WHAT IS BEING ASKED
Beginning with the first line, transcribe the entries below exactly through the line containing "Платье домашнее женское", inclusive.

DATA FOR ANALYSIS
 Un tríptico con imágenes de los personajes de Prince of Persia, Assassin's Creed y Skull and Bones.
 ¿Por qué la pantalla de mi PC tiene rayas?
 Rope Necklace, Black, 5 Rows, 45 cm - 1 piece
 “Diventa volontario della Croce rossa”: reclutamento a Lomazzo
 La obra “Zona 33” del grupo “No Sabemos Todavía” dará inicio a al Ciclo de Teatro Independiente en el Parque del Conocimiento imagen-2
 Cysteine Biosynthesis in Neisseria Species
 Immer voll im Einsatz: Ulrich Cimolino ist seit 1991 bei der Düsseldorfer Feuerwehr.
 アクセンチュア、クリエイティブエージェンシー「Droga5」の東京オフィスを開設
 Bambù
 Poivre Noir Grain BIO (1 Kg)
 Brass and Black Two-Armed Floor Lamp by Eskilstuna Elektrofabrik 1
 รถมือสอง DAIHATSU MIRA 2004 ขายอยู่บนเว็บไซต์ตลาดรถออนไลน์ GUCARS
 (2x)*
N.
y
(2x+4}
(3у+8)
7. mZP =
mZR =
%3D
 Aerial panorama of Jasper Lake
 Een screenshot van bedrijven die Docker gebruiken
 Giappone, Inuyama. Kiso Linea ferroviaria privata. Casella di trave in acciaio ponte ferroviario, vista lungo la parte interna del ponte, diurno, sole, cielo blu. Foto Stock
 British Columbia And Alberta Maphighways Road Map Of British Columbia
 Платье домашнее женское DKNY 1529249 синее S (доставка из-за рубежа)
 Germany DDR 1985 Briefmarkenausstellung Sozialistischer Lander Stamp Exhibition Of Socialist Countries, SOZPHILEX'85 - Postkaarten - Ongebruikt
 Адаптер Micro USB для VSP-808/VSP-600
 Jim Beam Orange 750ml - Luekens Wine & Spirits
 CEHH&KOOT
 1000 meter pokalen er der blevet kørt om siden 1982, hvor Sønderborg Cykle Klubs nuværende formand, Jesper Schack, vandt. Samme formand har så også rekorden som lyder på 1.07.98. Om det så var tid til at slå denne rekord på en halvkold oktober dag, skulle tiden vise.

COMPLETED TASK
 Un tríptico con imágenes de los personajes de Prince of Persia, Assassin's Creed y Skull and Bones.
 ¿Por qué la pantalla de mi PC tiene rayas?
 Rope Necklace, Black, 5 Rows, 45 cm - 1 piece
 “Diventa volontario della Croce rossa”: reclutamento a Lomazzo
 La obra “Zona 33” del grupo “No Sabemos Todavía” dará inicio a al Ciclo de Teatro Independiente en el Parque del Conocimiento imagen-2
 Cysteine Biosynthesis in Neisseria Species
 Immer voll im Einsatz: Ulrich Cimolino ist seit 1991 bei der Düsseldorfer Feuerwehr.
 アクセンチュア、クリエイティブエージェンシー「Droga5」の東京オフィスを開設
 Bambù
 Poivre Noir Grain BIO (1 Kg)
 Brass and Black Two-Armed Floor Lamp by Eskilstuna Elektrofabrik 1
 รถมือสอง DAIHATSU MIRA 2004 ขายอยู่บนเว็บไซต์ตลาดรถออนไลน์ GUCARS
 (2x)*
N.
y
(2x+4}
(3у+8)
7. mZP =
mZR =
%3D
 Aerial panorama of Jasper Lake
 Een screenshot van bedrijven die Docker gebruiken
 Giappone, Inuyama. Kiso Linea ferroviaria privata. Casella di trave in acciaio ponte ferroviario, vista lungo la parte interna del ponte, diurno, sole, cielo blu. Foto Stock
 British Columbia And Alberta Maphighways Road Map Of British Columbia
 Платье домашнее женское DKNY 1529249 синее S (доставка из-за рубежа)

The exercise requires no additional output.